▶ _TASK INSTRUCTIONS_
Your answer must be the full listing, word for word, with no images in it.

▶ _SUPPLIED INFORMATION_
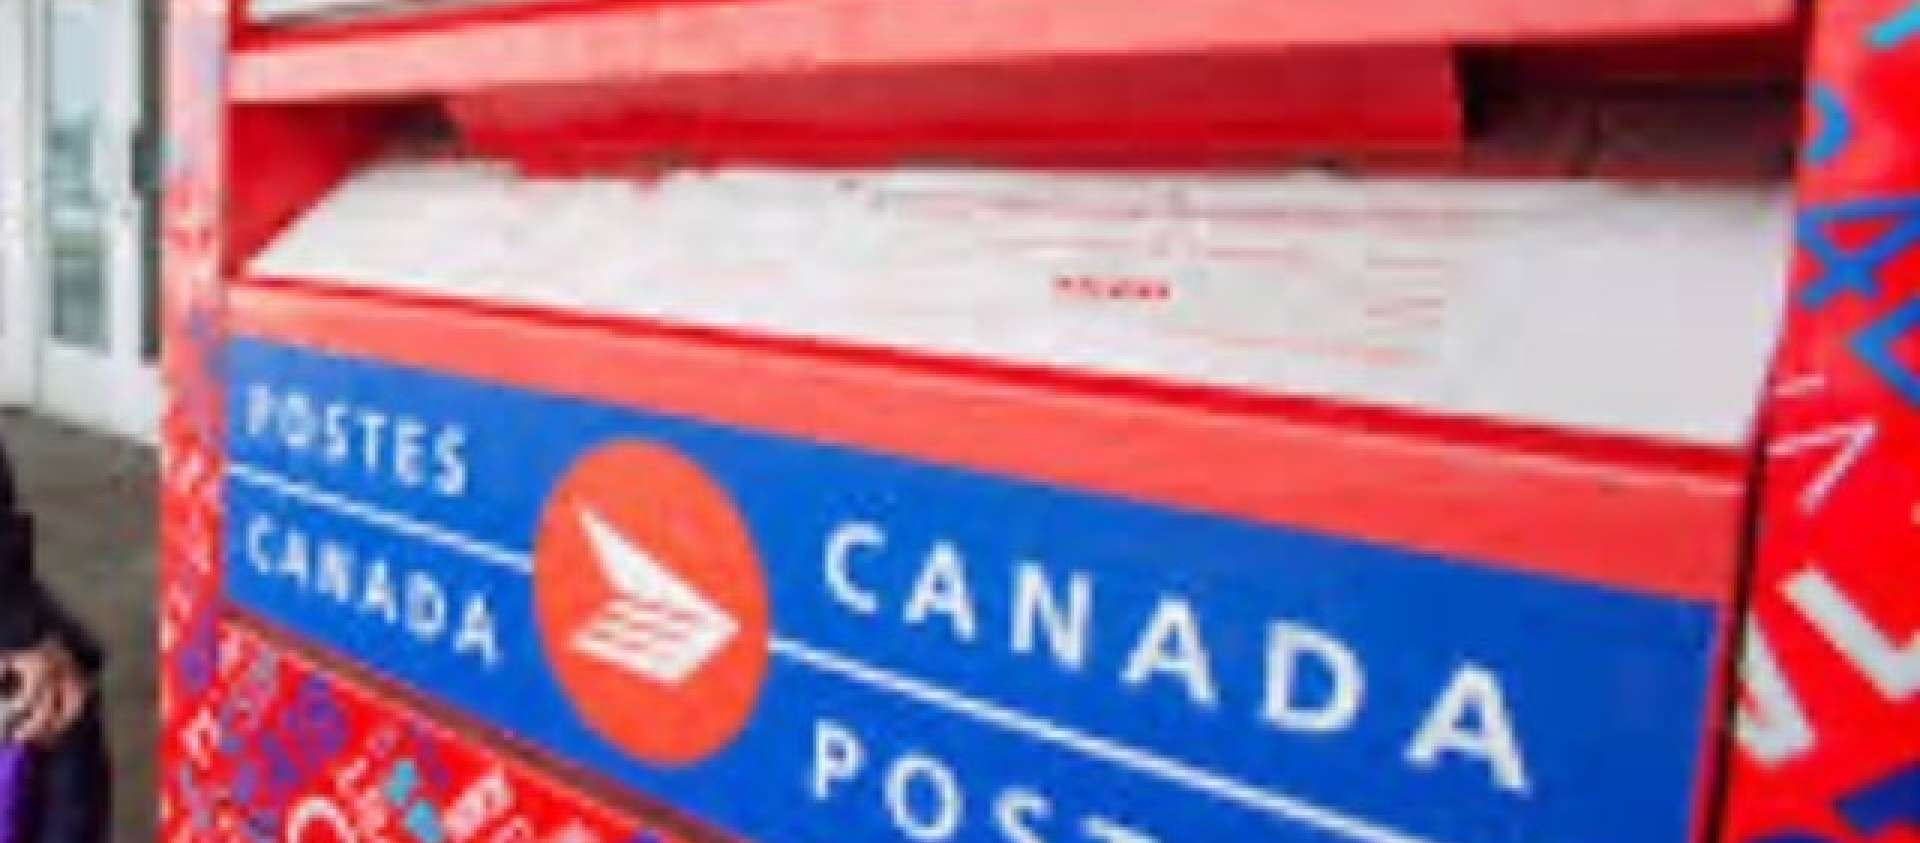 Image of Canada Post Box
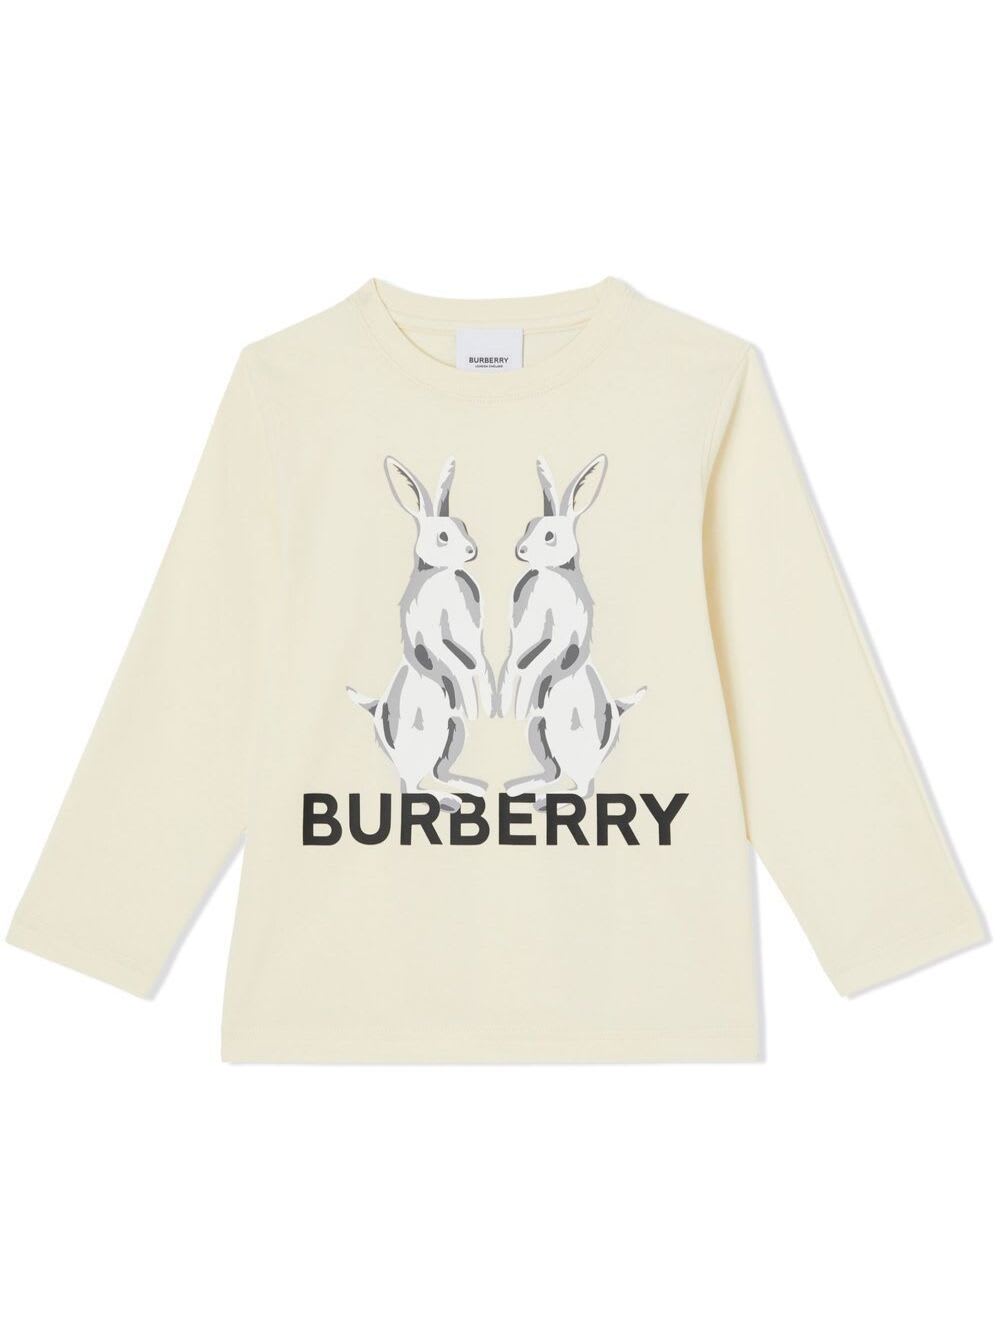 Hare Printed White Cotton T-shirt Girl Burberry Kids
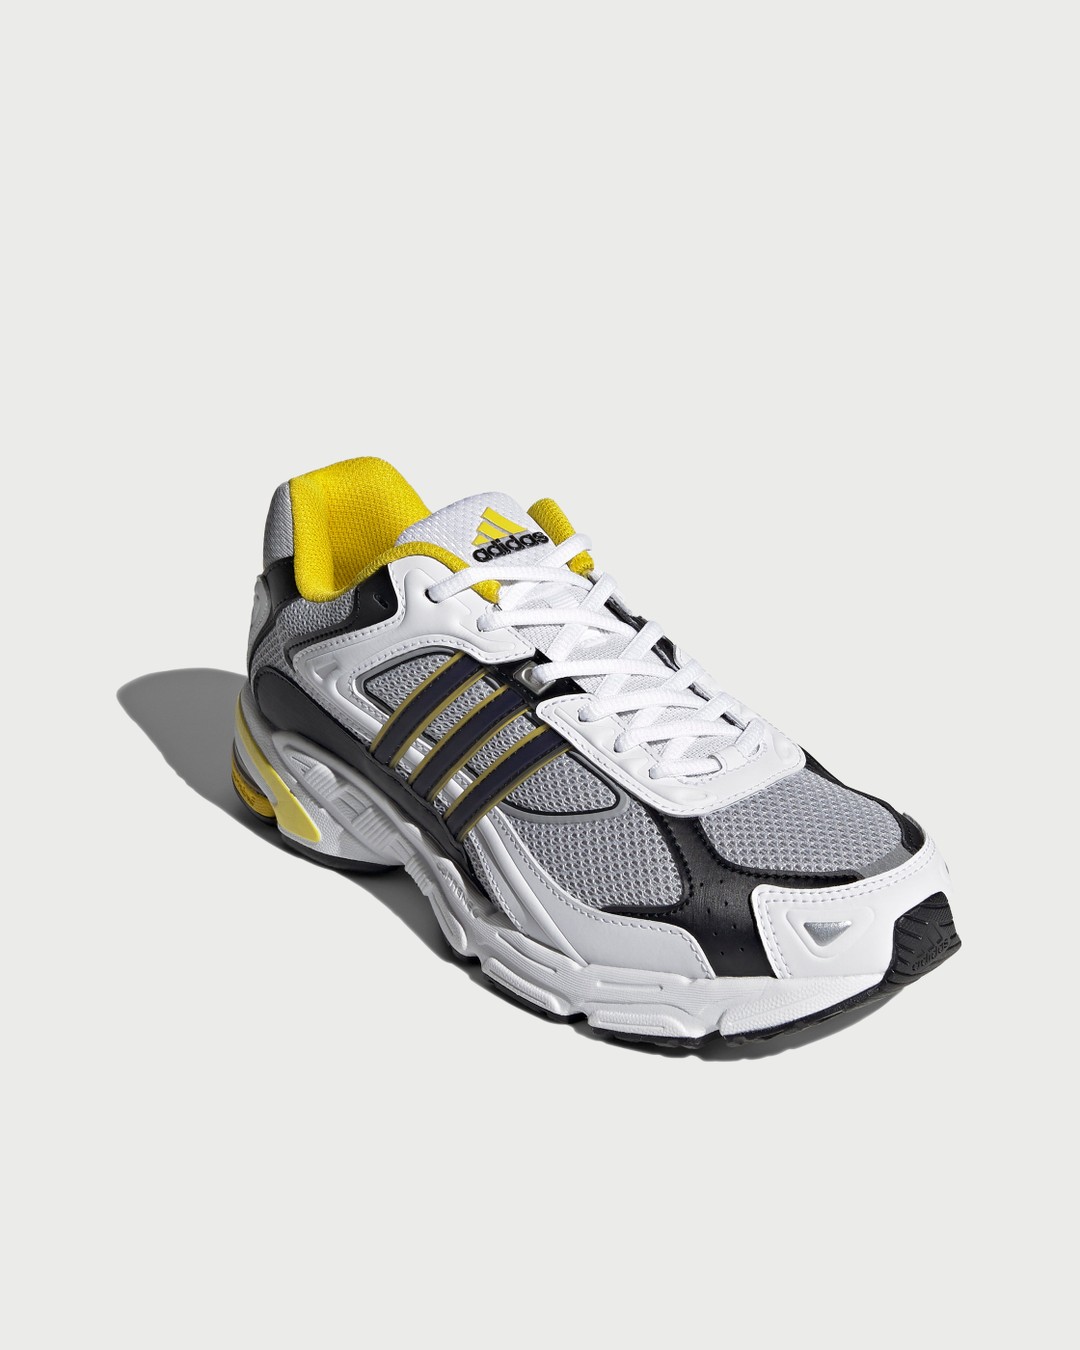 Adidas – Response CL White/Yellow - Low Top Sneakers - White - Image 3
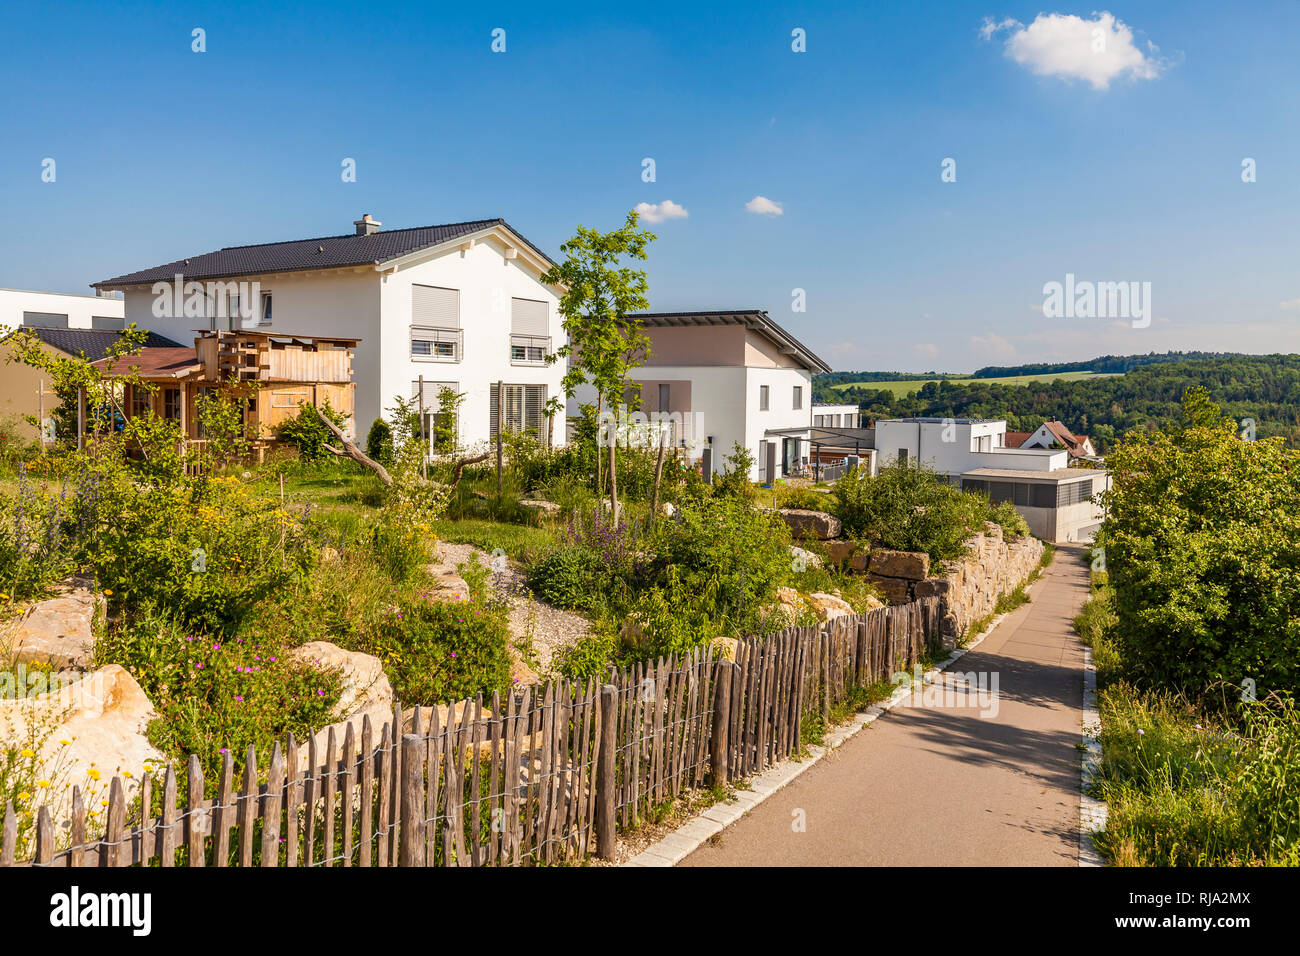 Germany, Baden-WÃ¼rttemberg, Blaustein, development area, various single and multi-family houses Stock Photo

▶ _EXERCISE RESULT_
 Image of Canada Post Box
 Hare Printed White Cotton T-shirt Girl Burberry Kids
 Adidas – Response CL White/Yellow - Low Top Sneakers - White - Image 3
 Germany, Baden-WÃ¼rttemberg, Blaustein, development area, various single and multi-family houses Stock Photo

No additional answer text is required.